His eyes still glowed unnaturally bright, painful to look at, but everything was pain, so I just dealt with it and met his glare with my own. “Mira, you will remain here until I grant you your freedom,” he growled. Then he licked me, my neck where he’d bitten me earlier, and honestly, it felt so good, I barely noticed him yanking out a five-inch piece of shrapnel from my abdomen. Yeah, right.

I screamed, and then I gurgled as he poured something noxious and potent in my mouth, something that would deaden the pain. It would also render me unconscious, but not before I got to watch him pull the biggest chunks of goblin metal out of me. One of my thighs was particularly porcupine-like. Must have not been blocked by Master Cutter. Funny to think that the elf had ended up giving his life in exchange for mine. Strange fate.

The potion did not put me to sleep, so I got to watch the process as he removed shrapnel, and then stopped the bleeding, using his magic to imbue me with his supernatural healing.

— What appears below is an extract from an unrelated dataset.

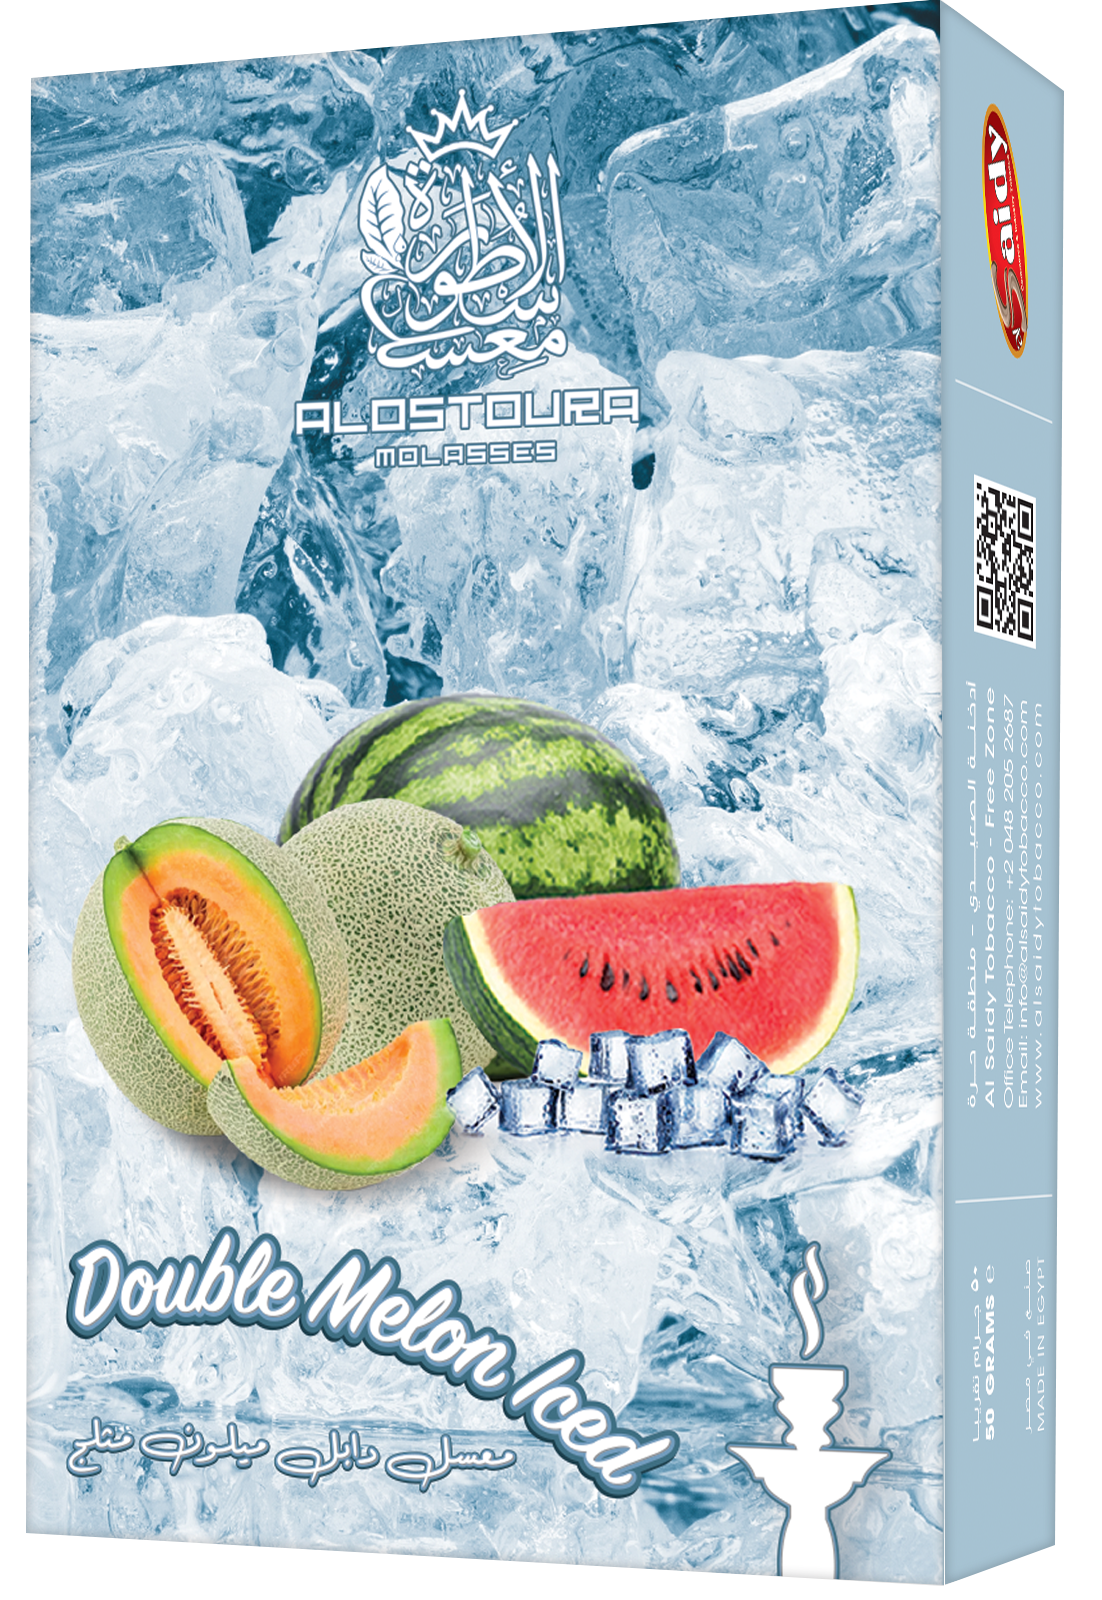 Double melon iced

He shouldn’t have been able to tune into my frequencies andapply his own brute force on me, but maybe after the duet, he was attuned to me, or maybe he was more sensitive because of his artisanal ways, or maybe… No, it wasn’t like we had a real bond between us that would allow him to bestow his health and healing on me. Periodically, he would lick my neck, and it would always feel good, but not good enough to block out whatever horrible pain I had to deal with.